Exercise description>
Leave out any pictures and transcribe all other data below exactly.

Dataset excerpt>
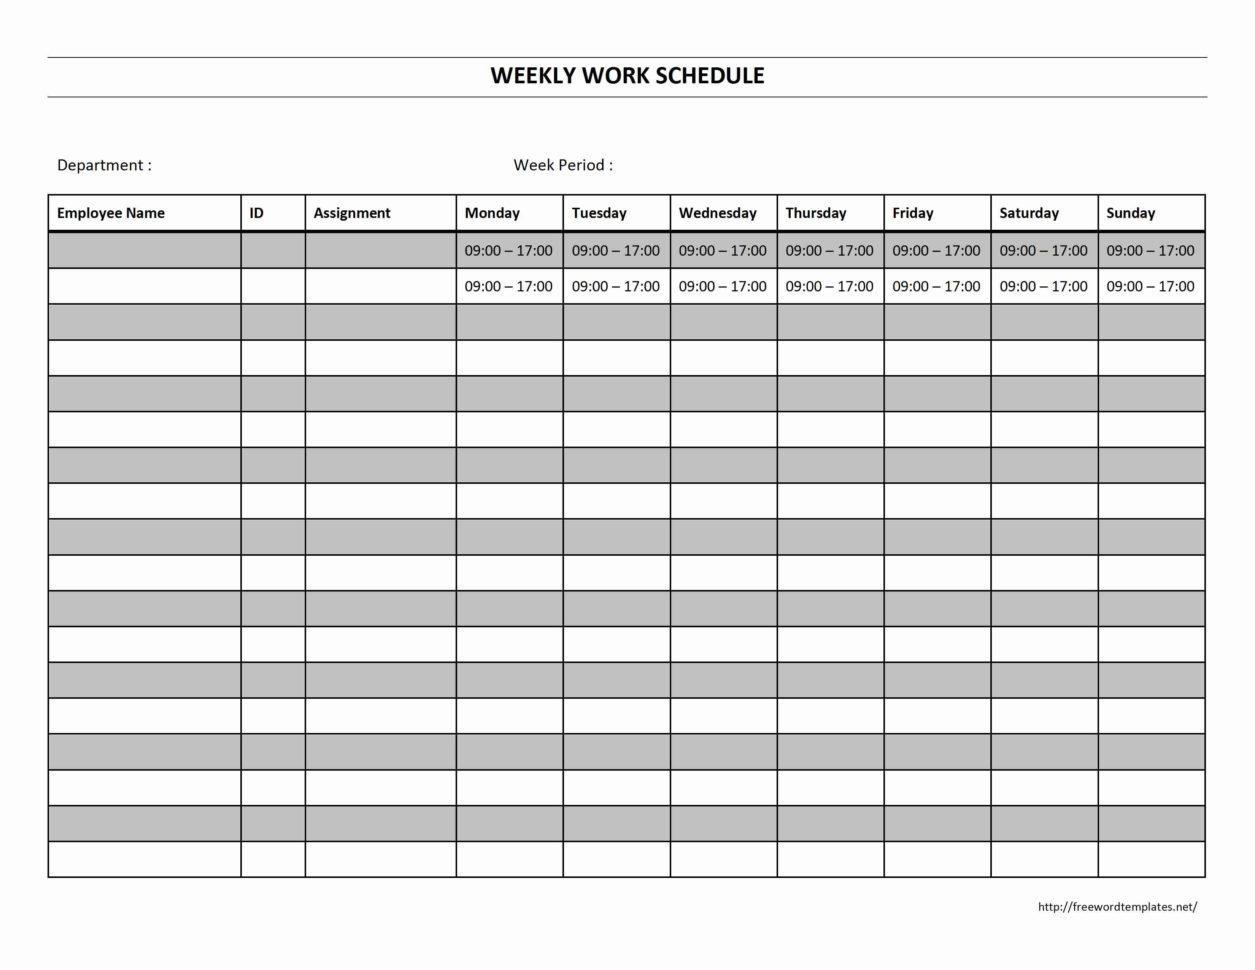 Spreadsheet Work Schedule Template Within Printable Employee Work Schedule Template And Employee Work Schedule
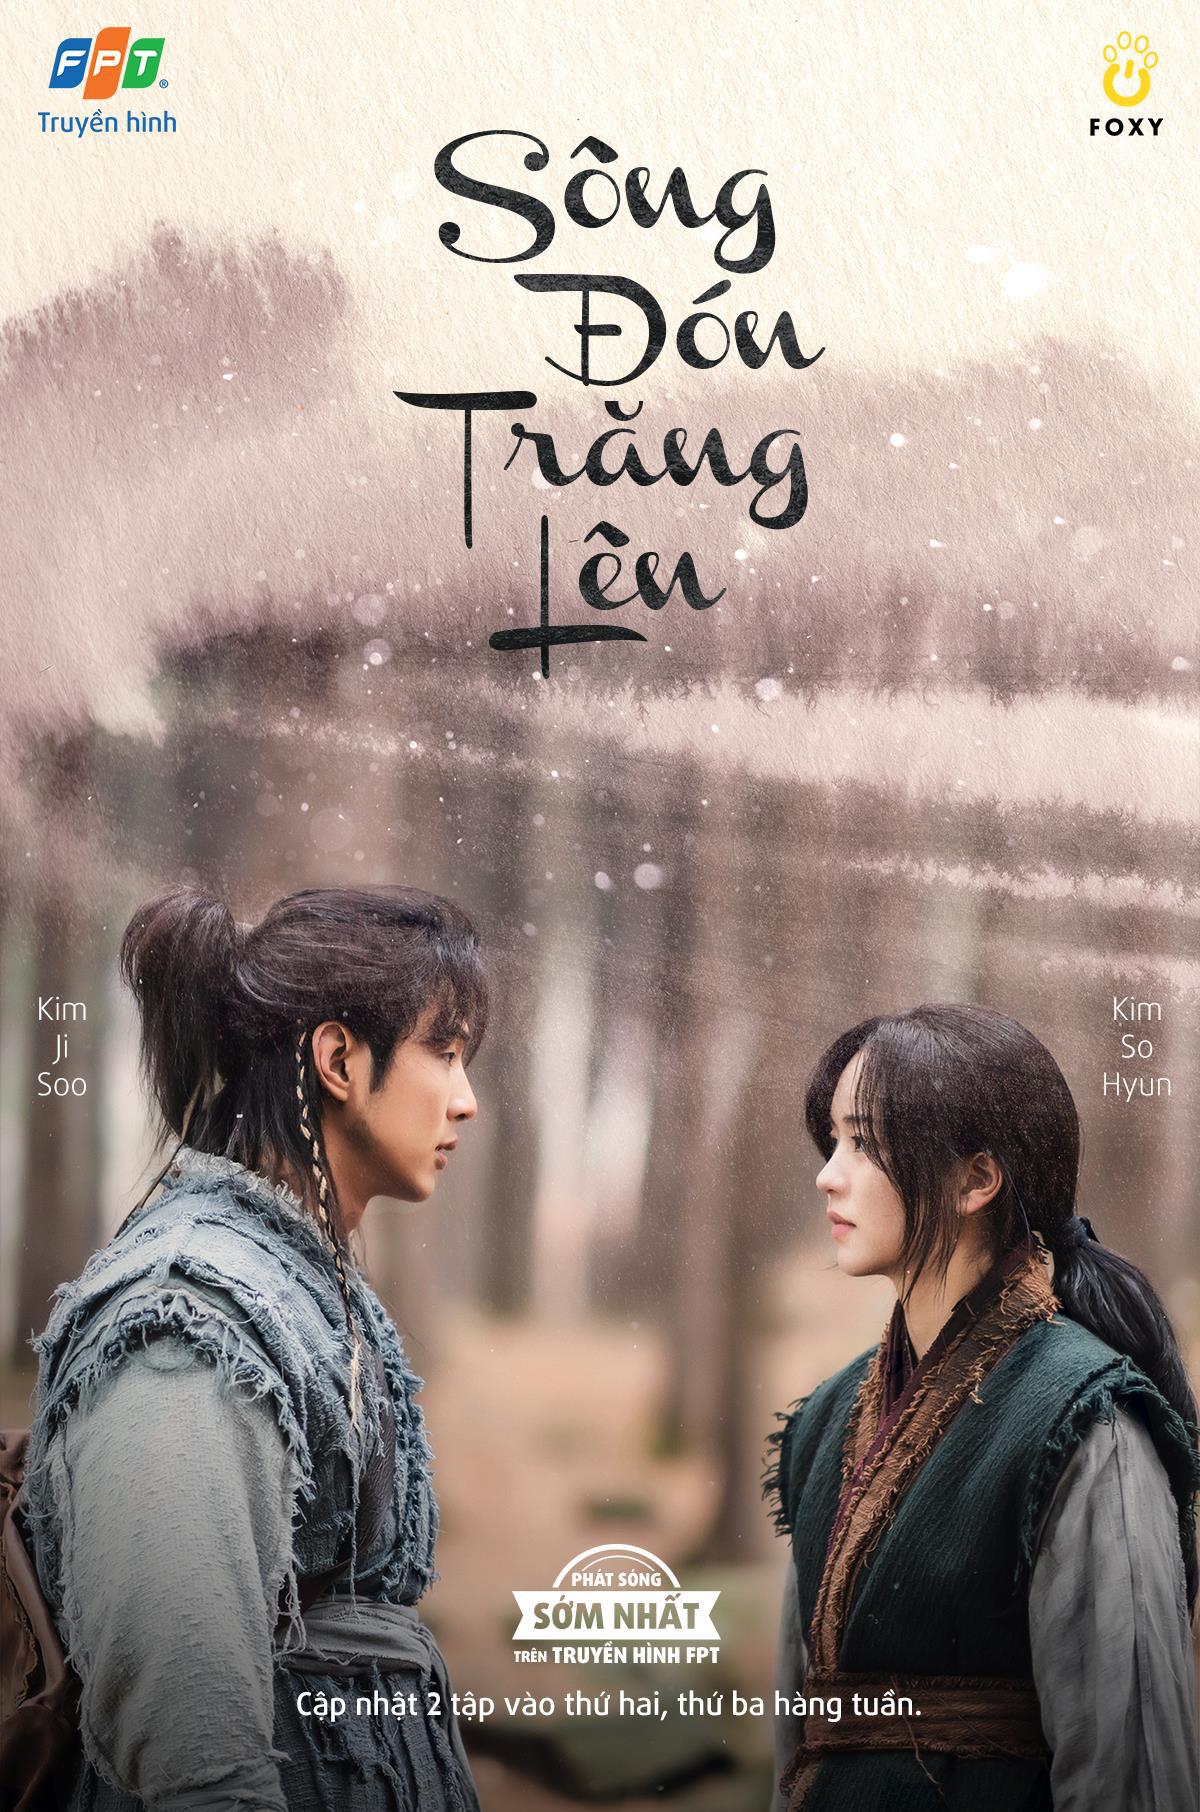 Sông Đón Trăng Lên, bộ phim cổ trang Hàn Quốc mới nhất không thể bỏ qua - Ảnh 1.
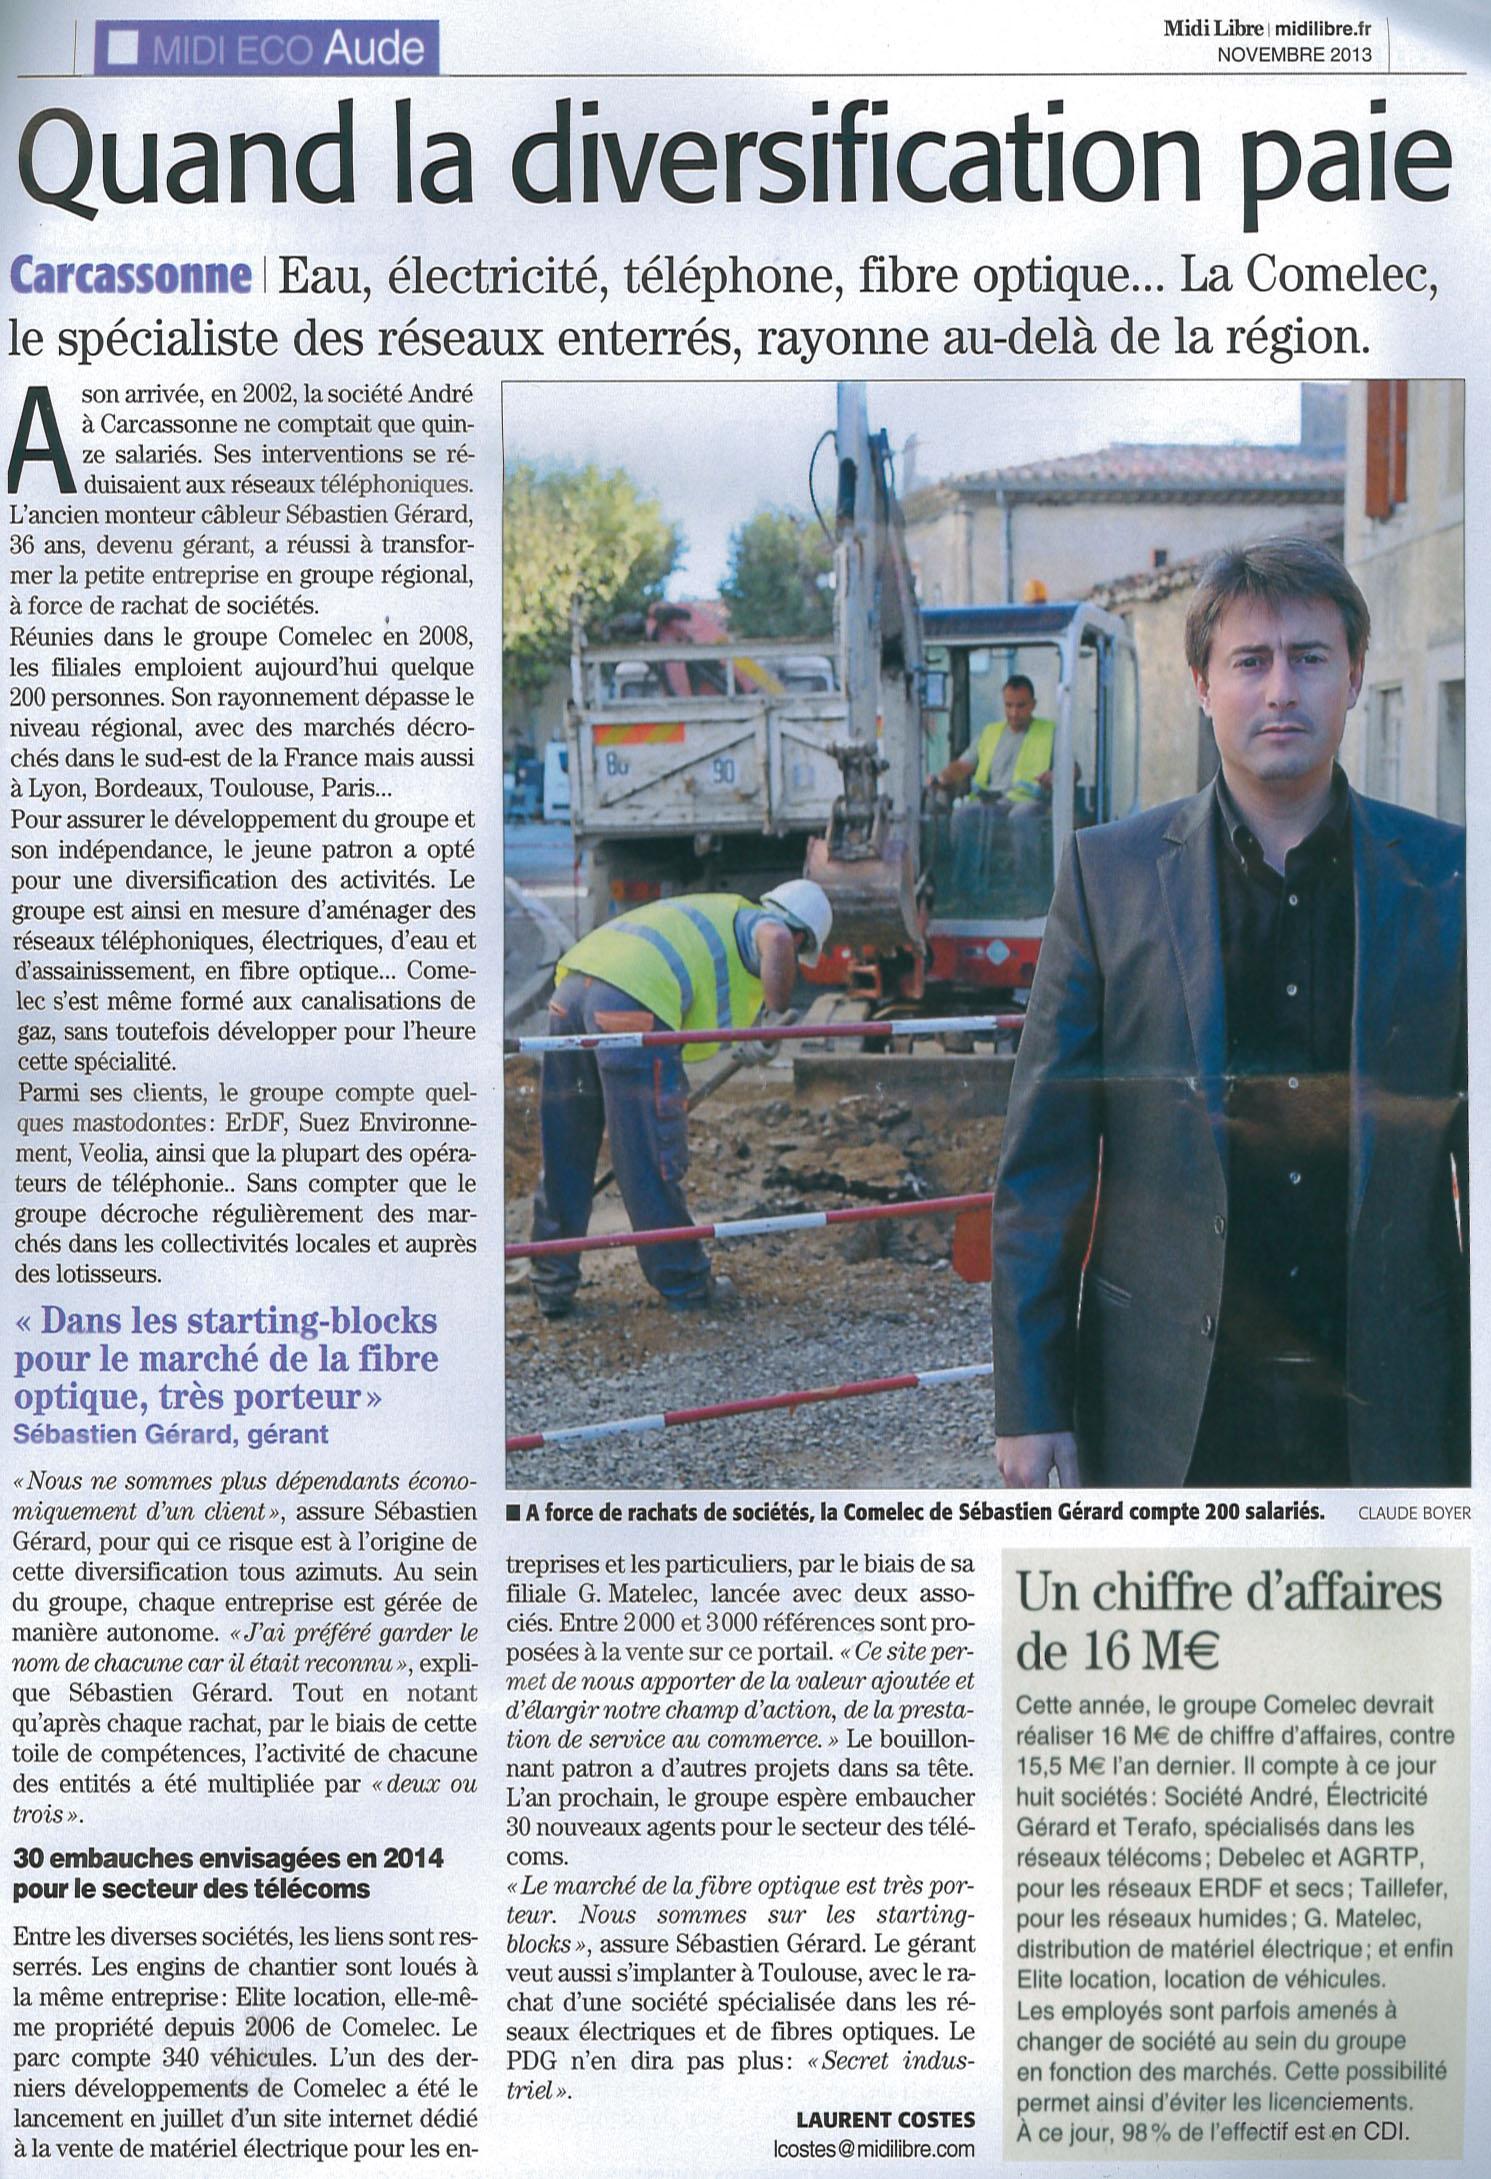 Article Midi Libre sur le Groupe COMELEC - usc 2013

Solution for this problem>
 Spreadsheet Work Schedule Template Within Printable Employee Work Schedule Template And Employee Work Schedule
 Sông Đón Trăng Lên, bộ phim cổ trang Hàn Quốc mới nhất không thể bỏ qua - Ảnh 1.
 Article Midi Libre sur le Groupe COMELEC - usc 2013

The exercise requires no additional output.